Urban agriculture refers to the raising of food crops, horticulture, poultry and other livestock in cities and towns. Such
activities are typically conducted in the back and front yards of houses, in public and private open spaces and in other vacant lots.

Advocates of urban agriculture point out major benefits. It enables the urban poor to reduce household food expenses, which enhances food security and nutritional control, especially in difficult circumstances. Affordable food releases more of admittedly low or precarious incomes for other expenditures, including health and education. And since urban farmers are more likely to be female, urban agriculture contributes to the empowerment of women and is an attractive alternative to informal, poorly paid jobs.

The advocates assert that urban agriculture is important not just to low-income, but also to middle-income earners, the unemployed and the underemployed.

A critical look, however, suggests that for all its immediate benefits as a coping strategy, urban agriculture does pose serious challenges to sustainable development and management of cities. The main concerns revolve around the environment, health and the economics of land-use management.

The higher pollution rates in urban areas threaten contamination of horticultural products, and urban livestock production can help spread epidemics. Chemical fertilisers and pesticides can pollute soils and the water table, as can livestock waste.
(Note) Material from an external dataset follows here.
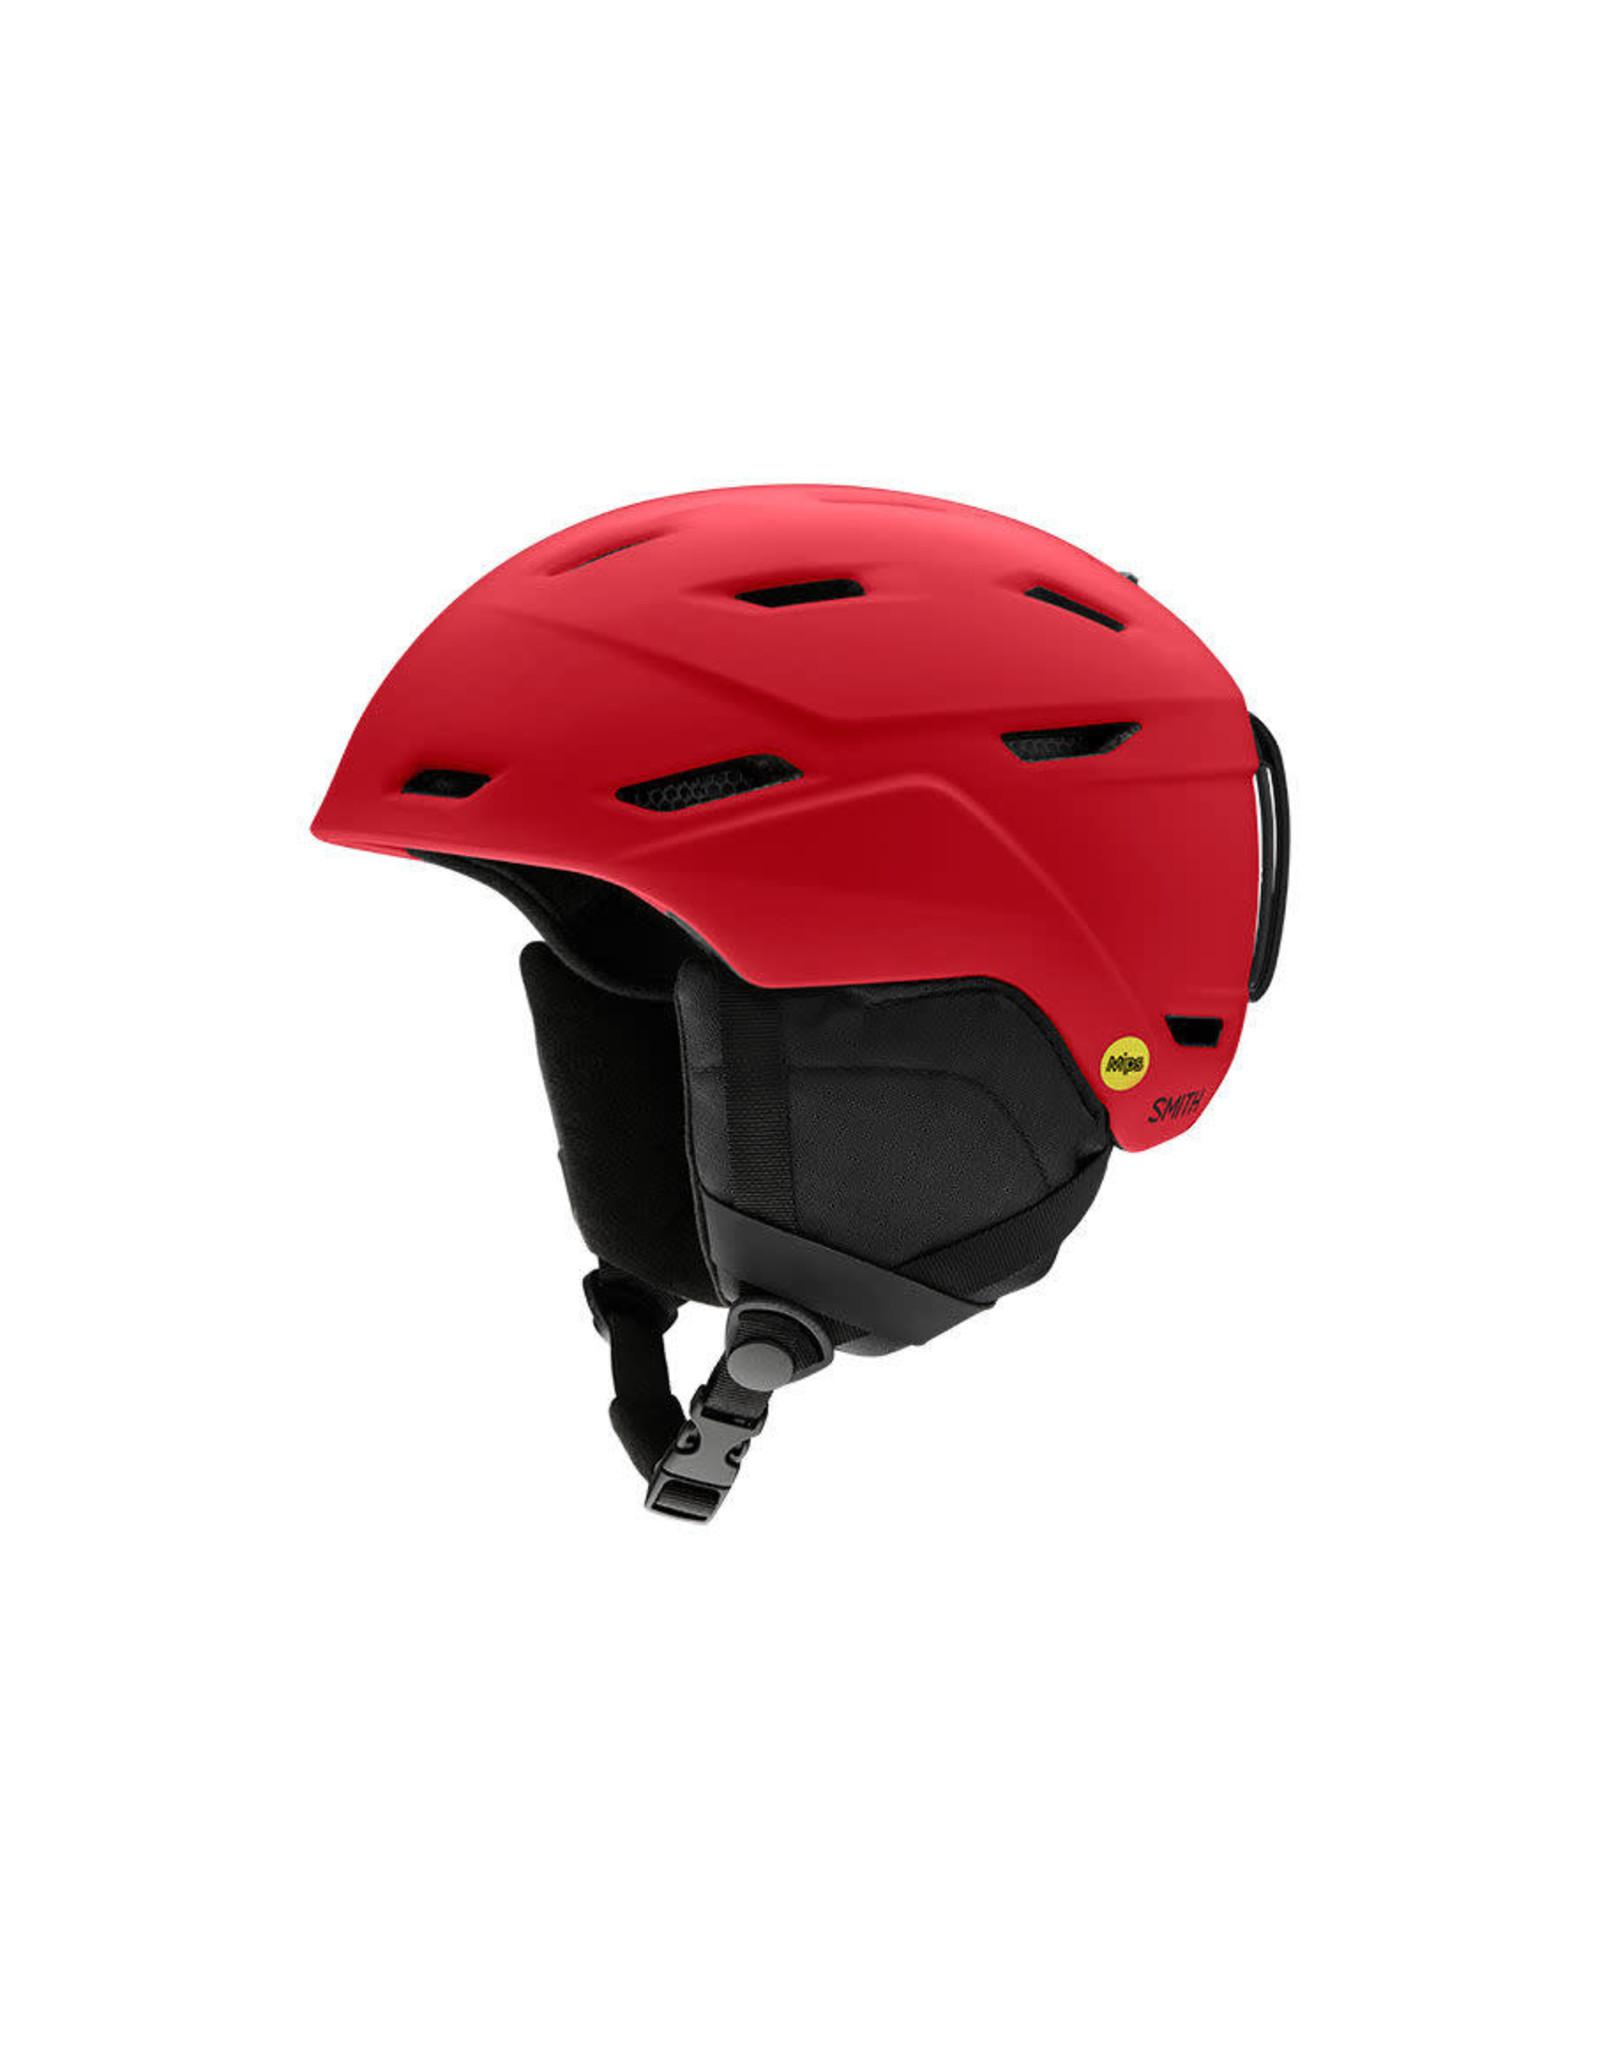 smith optics Smith Mission mips helmet - Matte lava - X Large 63-67 cm

From a planning point of view, the allocation of more land to agriculture in cities encourages urban sprawl, with its implications for infrastructural costs. It can also affect the value of food produced on expensive urban land which could have higher value and yield if used for non-agricultural urban purposes.

In a rational world, this type of consideration should prevail, at least in the context of mature urbanisation. Related concerns include the resulting high costs and inefficiencies of infrastructures.

In the ongoing debate over urban agriculture, UN-HABITAT focuses on food security and income enhancement for urban populations. The agency is not opposed to urban agriculture as such. But its view is that the practice must be subject to certain conditions and limitations.

To UN-HABITAT, efforts to achieve food security must be part of an overall drive to eradicate poverty and promote sustainable development of society as a whole. In this context, it must be recognized that food security does not necessarily require that everyone produce their own meat, vegetables or fruit.

Therefore, UN-HABITAT supports temporary use of vacant urban land and plots for agricultural purposes as long as it is not detrimental to health, the environment and economic efficiency, and where there are ample tracts of vacant urban land. This is still the case in a number of Least Developed Countries.

But supporting or encouraging the allocation of land for permanent agricultural practice in urban areas would be a contradiction in terms. Of course, peri-urban agriculture is of a different nature and is usefully practised in many countries.

It is widely accepted that food insecurity in urban areas is more of a problem of access to food, than a problem of production or existence of food. Therefore, the challenge is to facilitate distribution and access of food for all socio-economic segments of the population, including the poor. This calls for appropriate urban planning and location

of markets, as well as provision of adequate transportation networks to ensure easy and affordable access.

Such provision of social and economic infrastructure through urban planning and management, including support for food distribution and access, is a key concern in the implementation of the Habitat Agenda. Therefore, with its conditional support for urban agriculture, UN-HABITAT is acting in keeping with its specific mission within the UN system.

Don Okpala is Chief of UN-HABITAT's Urban Economy and Finance Branch and Acting Director of its Monitoring and Research Division.